= Beginning of Section =
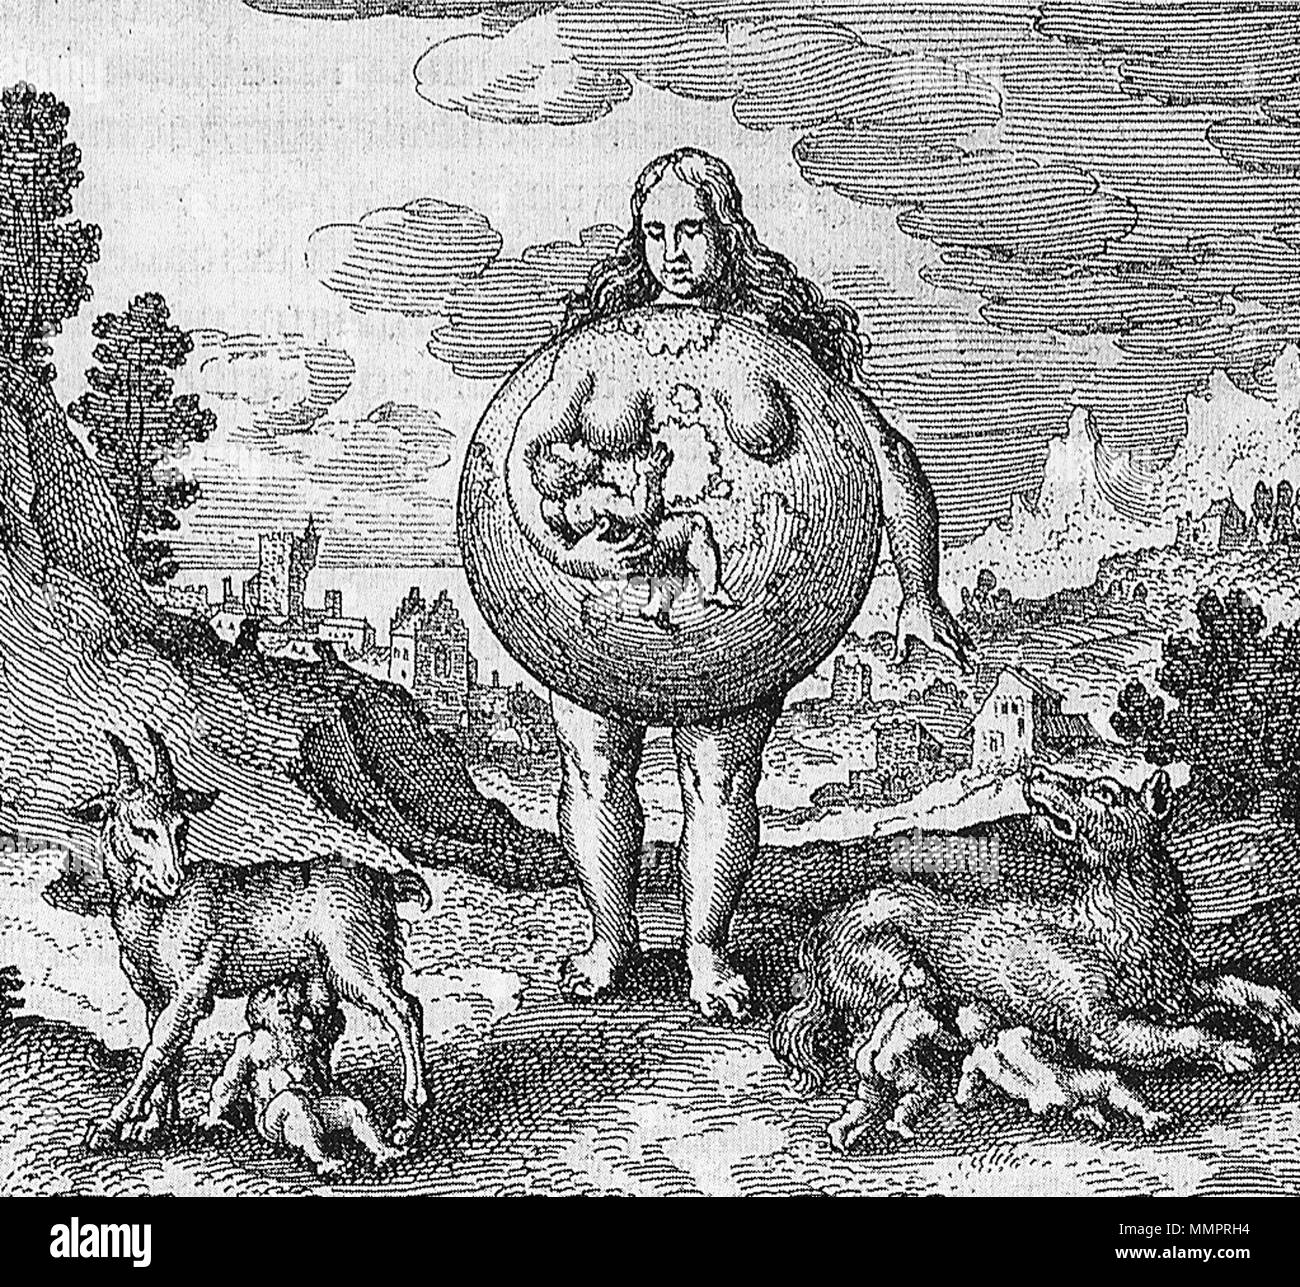 . Englisch: Emblem 2d: "Nutrix ejus Terra est." von Michael Maier, Atalanta Fugiens, 1617/1618 English: Emblem 2d: "Nutrix ejus Terra est." (eine Säugamme ist die Erde" - Buchillustration in: Michael Maier: Atalanta Fugiens, 1617/1618 Français: "Nutrix ejus Terra est." L'infirmière est la terre, Michael Maier, Atalanta Fugiens, 1617/1618. 1618 oder früher. User: Mattes Atalanta Fugiens-Emblem 2d Stockfoto
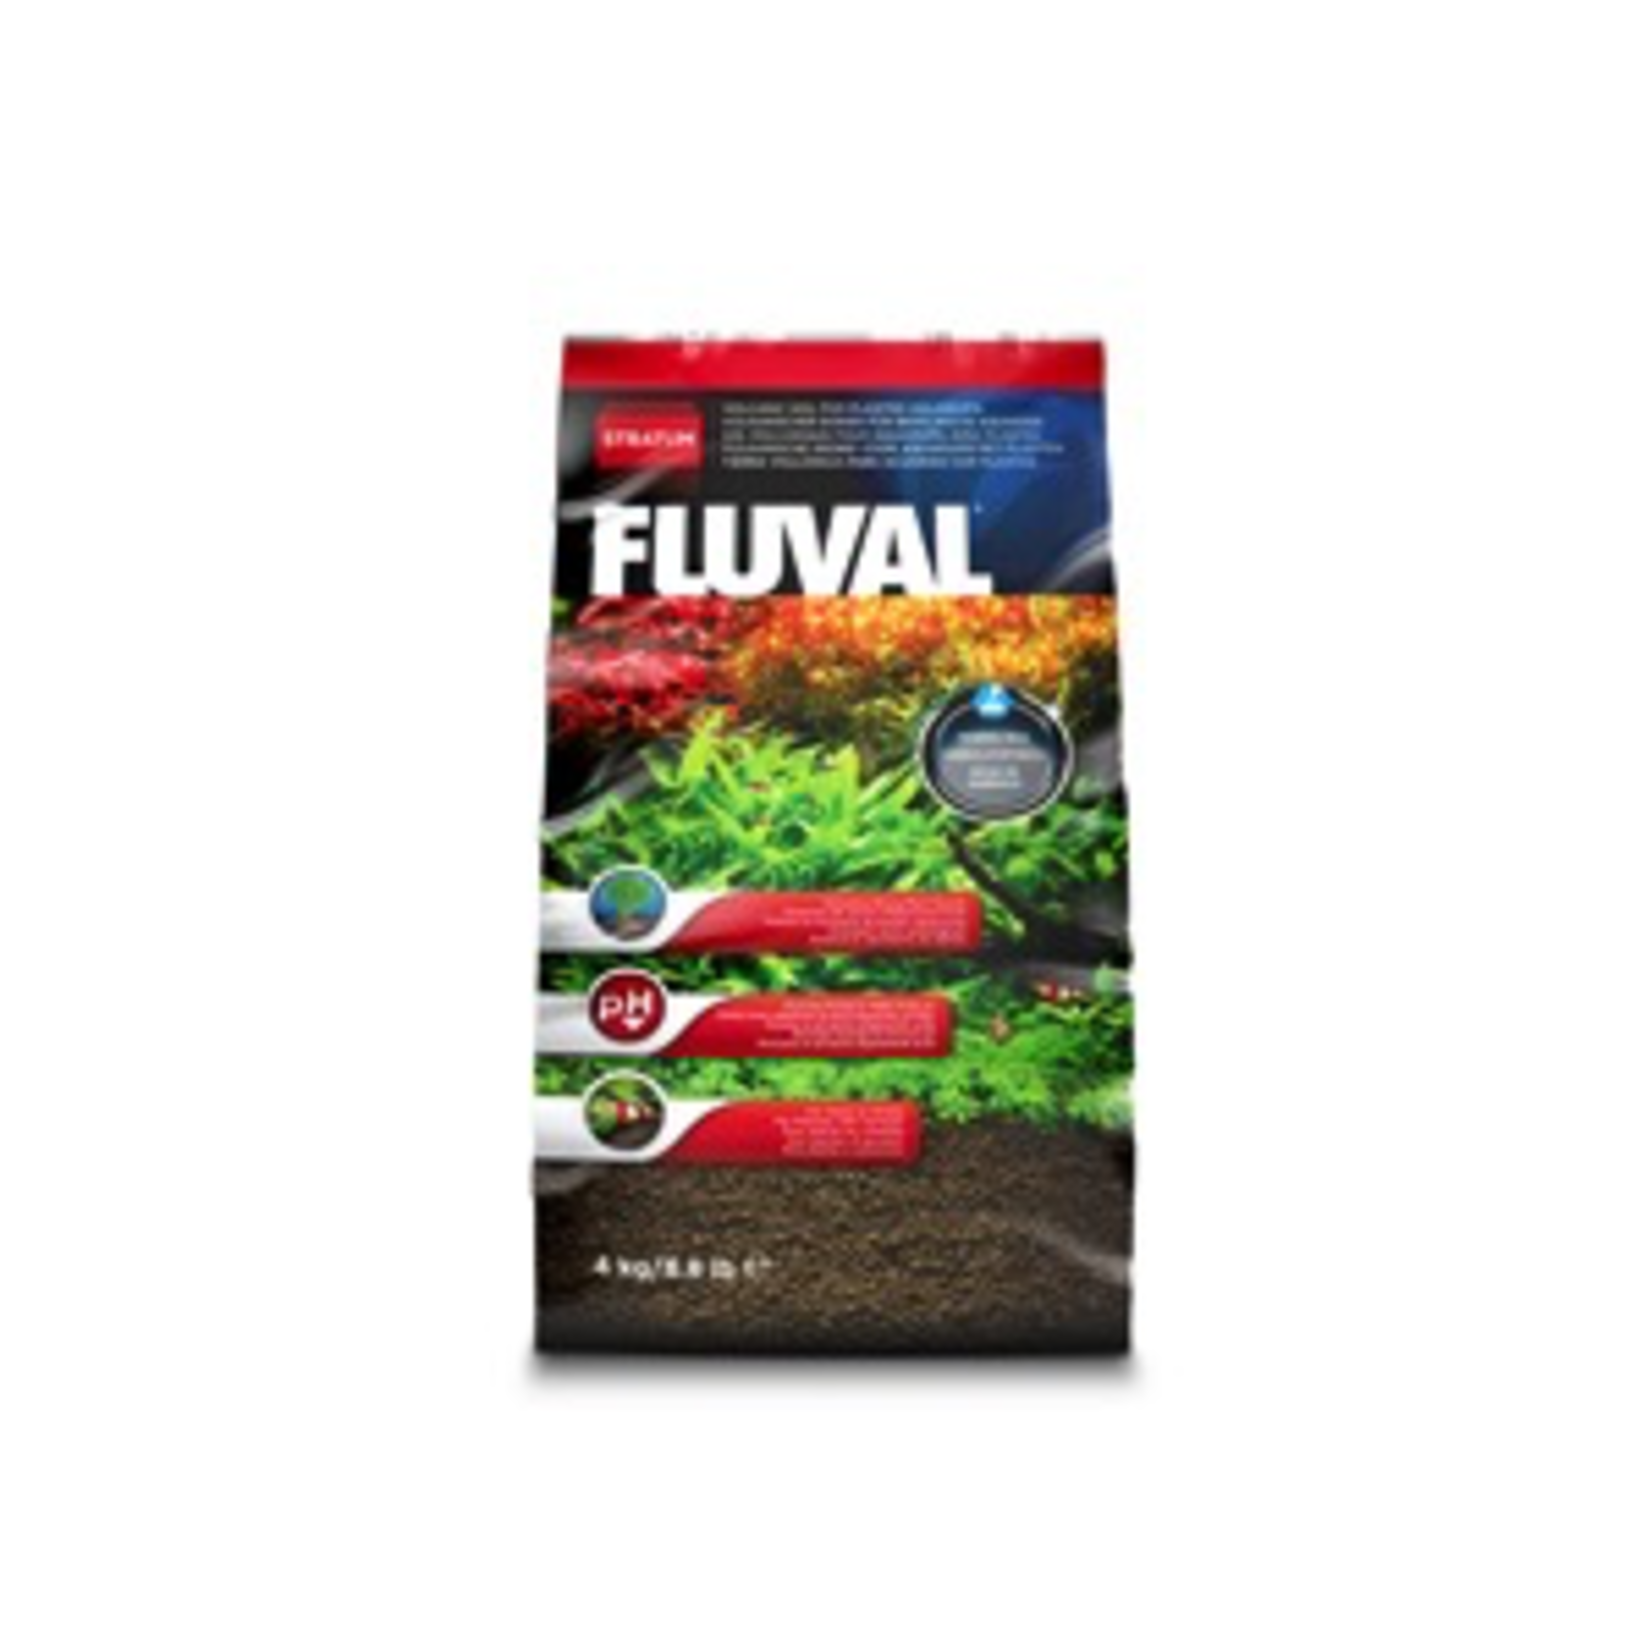 FLUVAL (W) Fluval Plant and Shrimp Stratum - 4 Kg / 8.8 lb
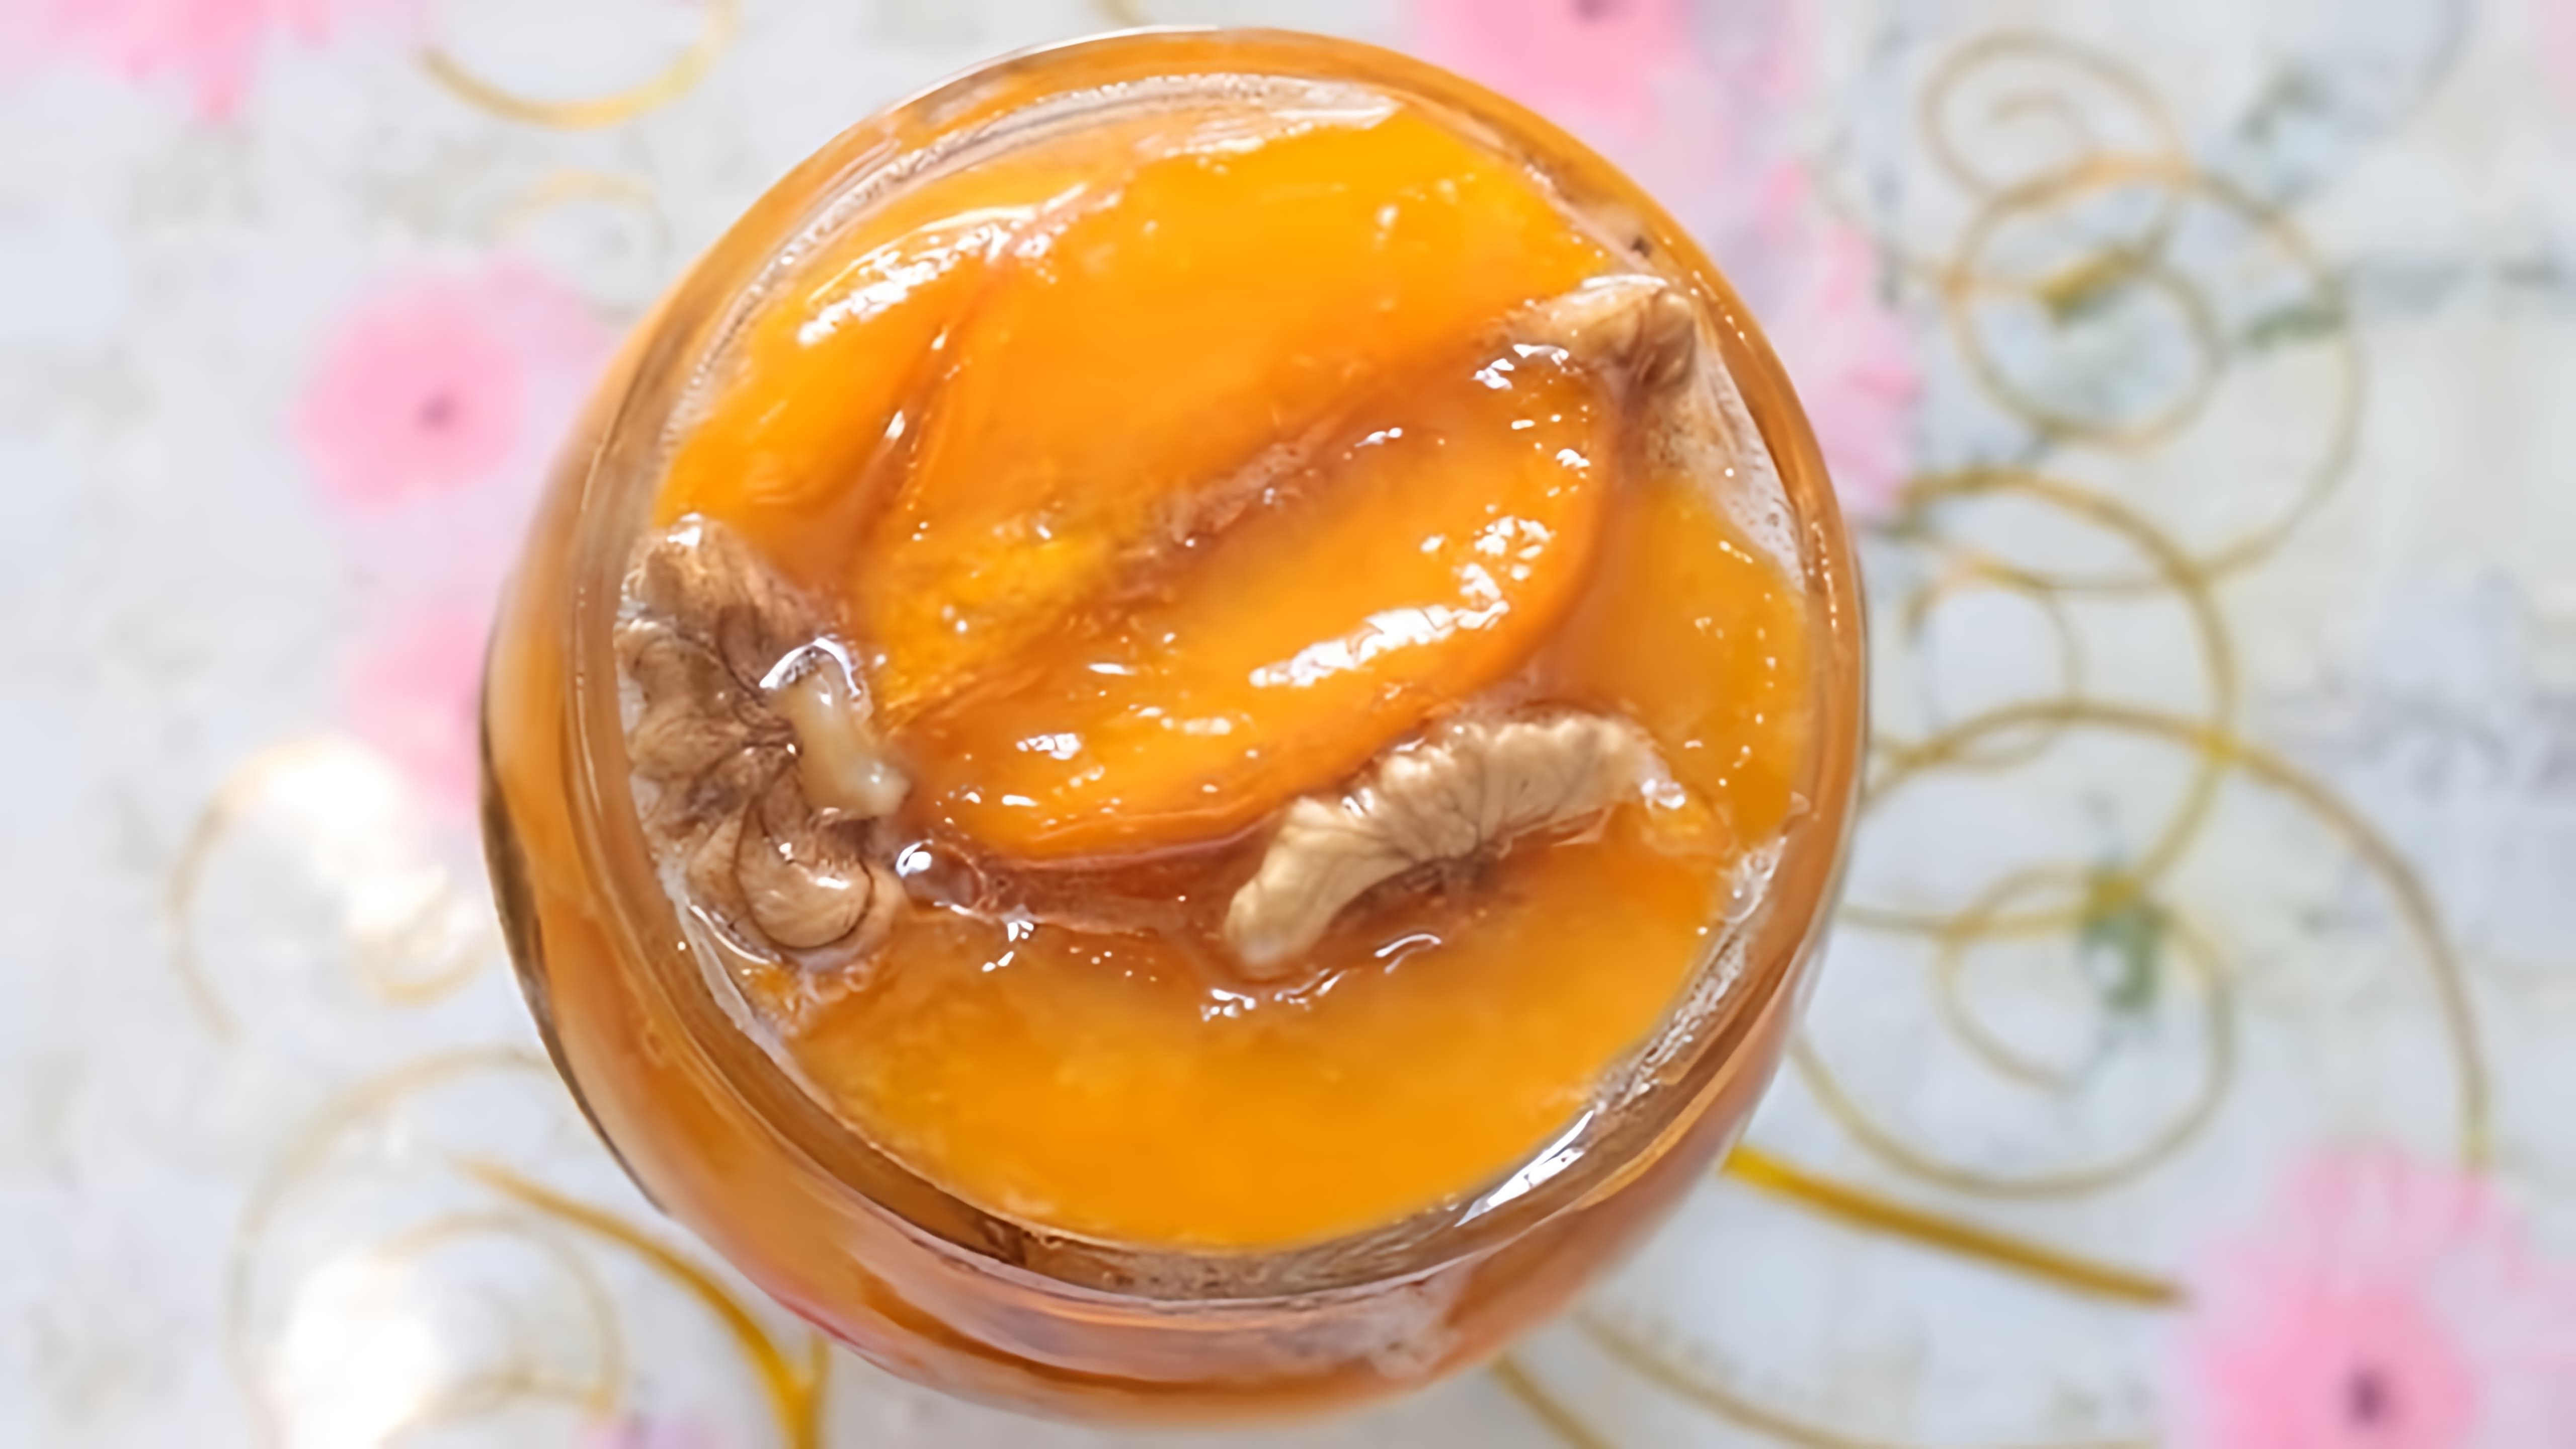 В этом видео демонстрируется рецепт приготовления варенья из персиков по азербайджанскому рецепту
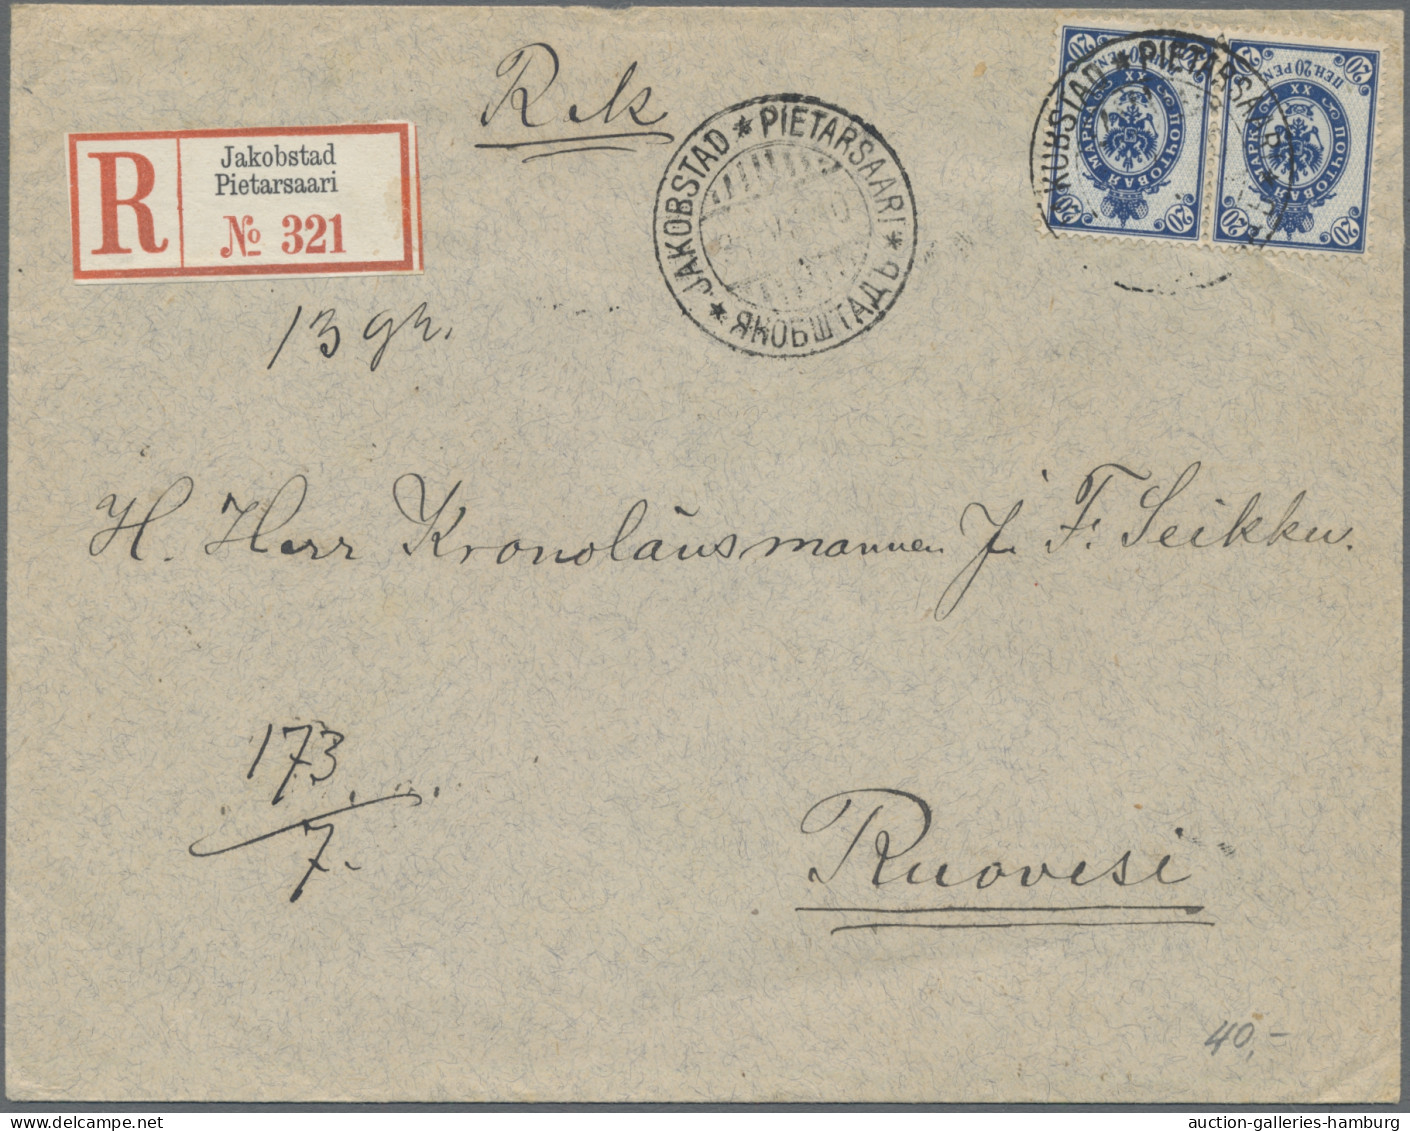 Finland: 1895-1955, Partie aus ca. 60 Belegen / Karten, inkl. Schiffspost, Einsc
= End of Section =
■ WHAT THE EXERCISE ASKS
Restate the data exactly, though only from the line that contains "В этом видео" through its last line, both ends included and with the pictures left out.

■ EXERCISE RESULT
 В этом видео демонстрируется рецепт приготовления варенья из персиков по азербайджанскому рецепту
 Finland: 1895-1955, Partie aus ca. 60 Belegen / Karten, inkl. Schiffspost, Einsc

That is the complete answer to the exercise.